Mr Robinson challenged the report, arguing that the reconstructionist went by photo evidence while his private investigator had examined the vehicle in person.
This private investigator also found that there had been red paint transferred onto Daniel’s blue Jeep - which made him think that there was a crash before it ended up in the ravine. There was at least one crash in the vehicle’s history, police have said. But it’s not clear when the paint was transferred.
The Jeep was found nearly a month after Daniel was reported missing, yet the rancher who found it told police it didn’t believe that timeline as he would’ve noticed it before a month had gone by.
Mr Robinson pointed out that if his son had died in the crash in the ravine, his body would be there. And if he had survived and walked off, there would be signs.
The case has been worked on by Buckeye Police, but Mr Robinson said the department “very much sensualized” his son’s case and he wants it turned over to Sheriff Paul Penzone with the Maricopa County Sheriff’s Office where it can get the attention it needs.
Mr Robinson, who joined Gabby Petitio’s family at CrimeCon on Sunday to speak about Daniel’s case and the lack of resources in the investigation, has previously pointed to Petitio’s case as a prime example of police properly using their resources and how her remains were discovered not long after she was reported missing.
But with the Buckeye Police Department, “it’s like they’re reluctant to use the resources.”
The Robinson family has a website with information on the case, pleasehelpfinddaniel.com, and provides updates on its social media platforms.
A GoFundMe detailed Mr Robinson’s plans for next steps in the case and how he will foot the bill.
“I plan to have a sit-in at the Maricopa County Sheriff’s Office this fall to demonstrate my seriousness when I asked Sheriff Penzone to open an independent investigation into my son’s case and do the forensics work that hasn’t been done to date,” he wrote.
“I am covering the costs to house evidence and forensics that law enforcement is slow to do. They pass the responsibility while I pay monthly to accommodate things that should be in taxpayers’ evidence lockers at a police department.”
Mr Robinson said he will continue his efforts to find his son, but also notes the good things that have come even in tragic circumstances.
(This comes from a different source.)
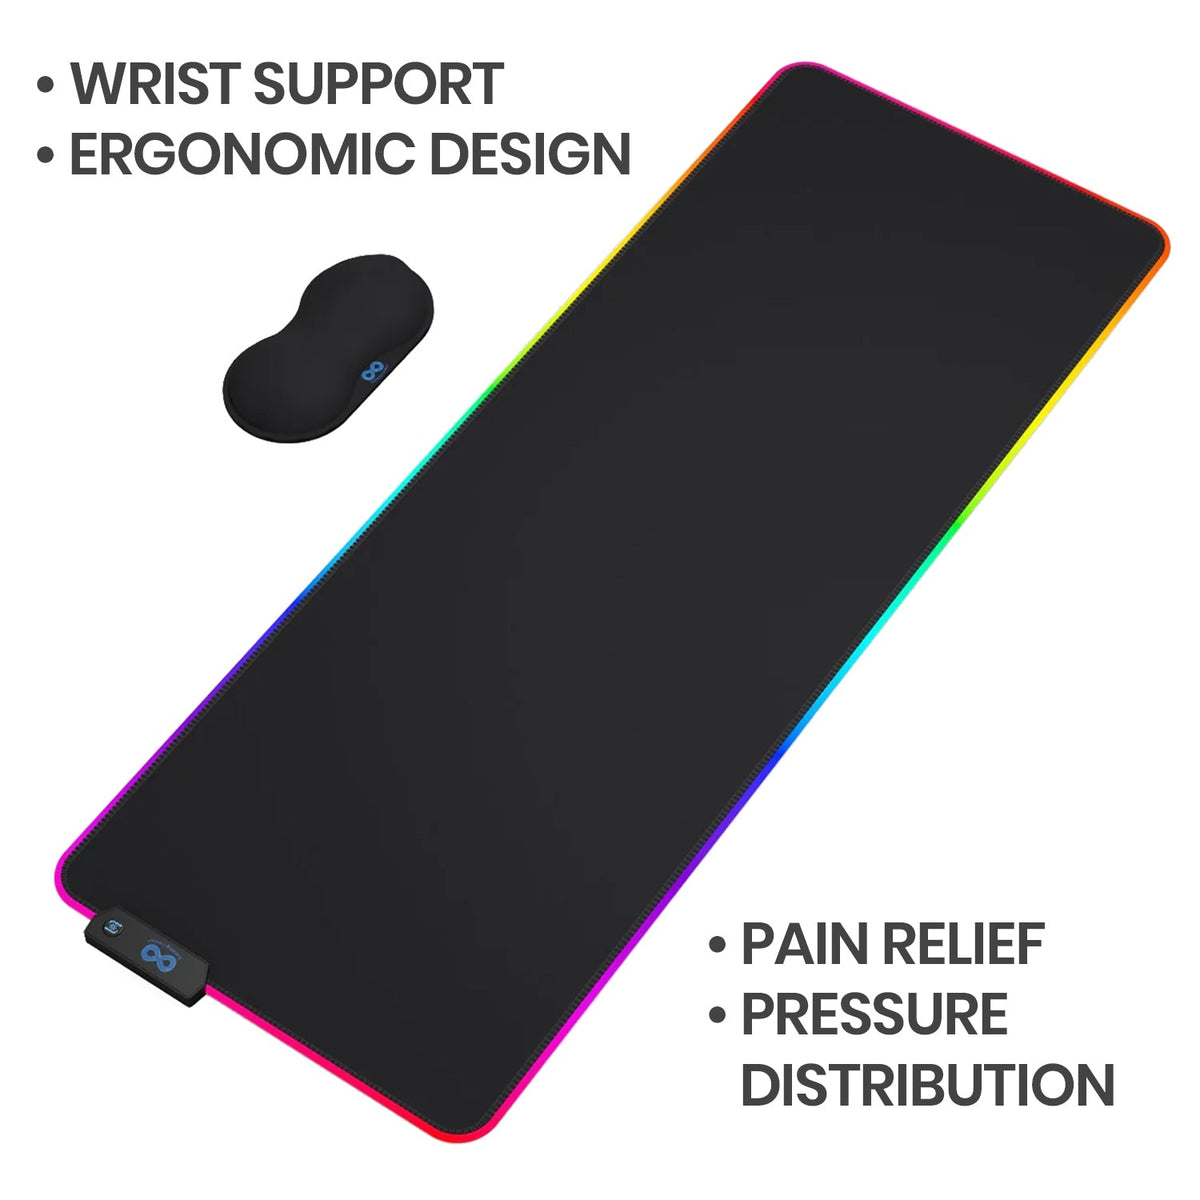 Mouse Pads And Wrists Rests - Why They Matter
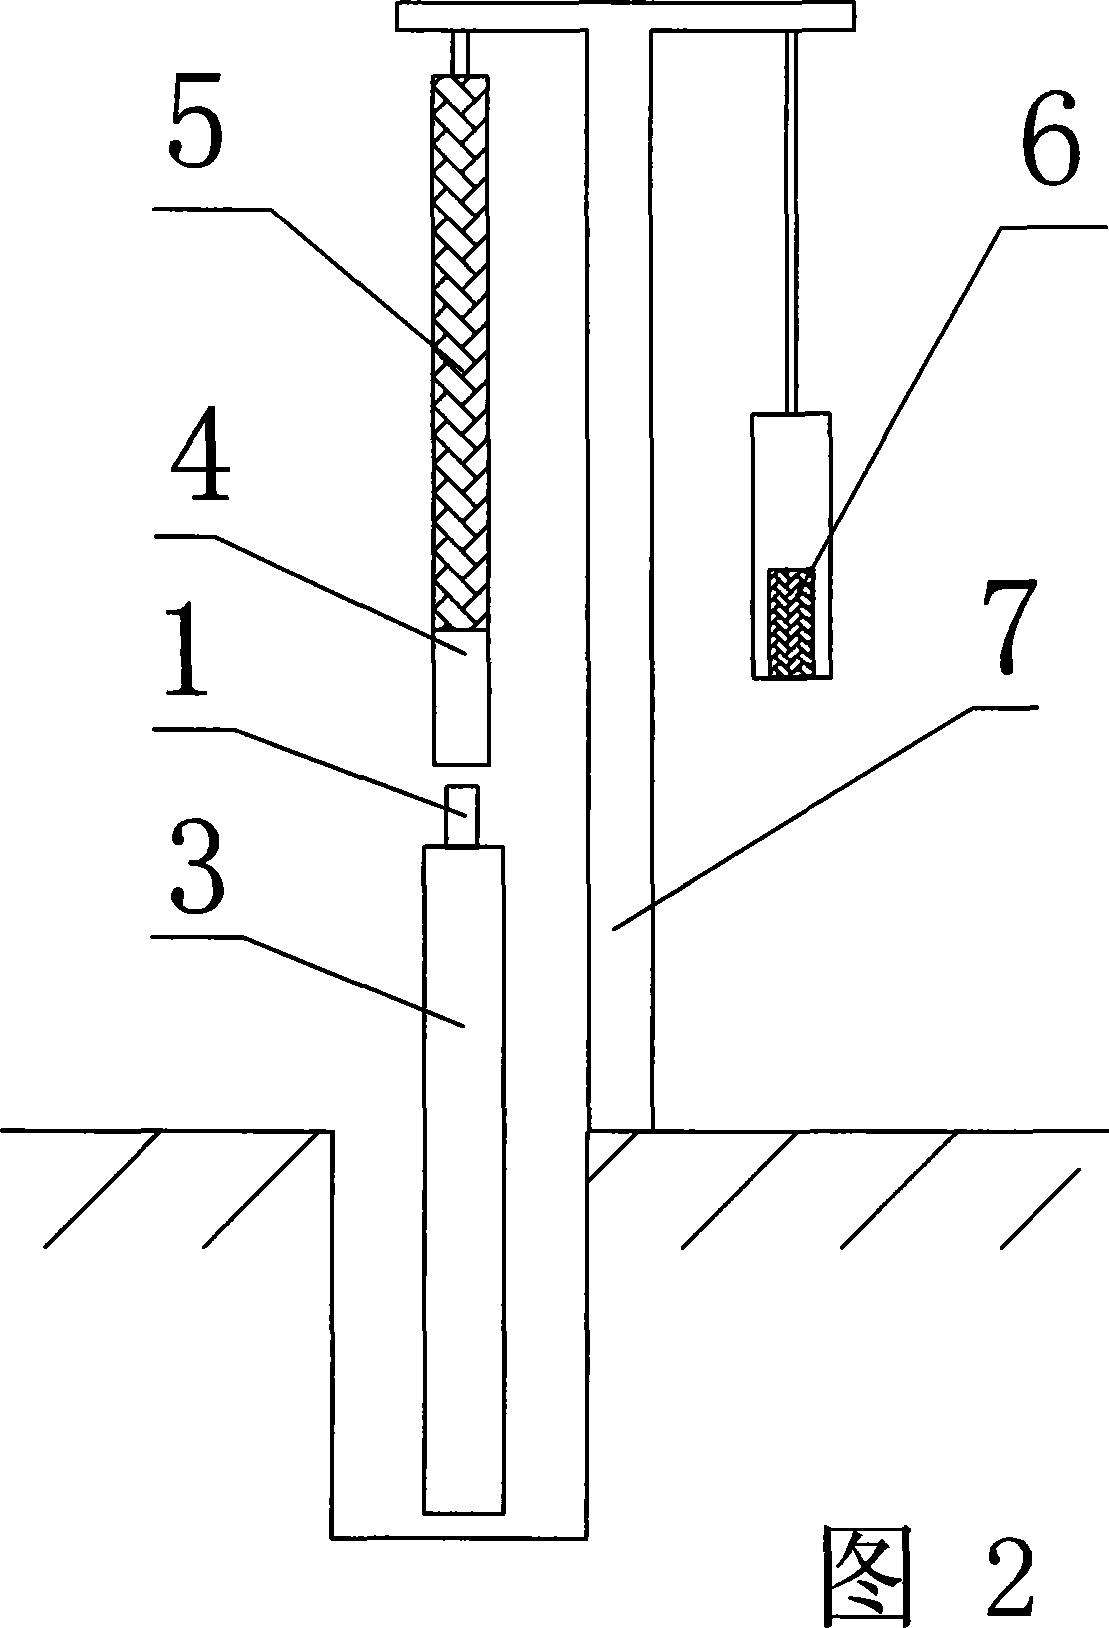 Method for automatically filling mineral insulated electric cable

“Since my son’s disappearance, I have met many families with stories of their missing loved ones. That helped me to become an advocate for them. I saw the disparities and the mishandling of a case from law enforcement. I could not resist assisting other families when I could. I built a platform that I hope to grow and could help more families.”
He continued: “I want to continue and build on my social media platform. I founded the Daniel Robinson Foundation to help other families not go through the pain I had when law enforcement broke down, and my family did not have the resources needed to search.”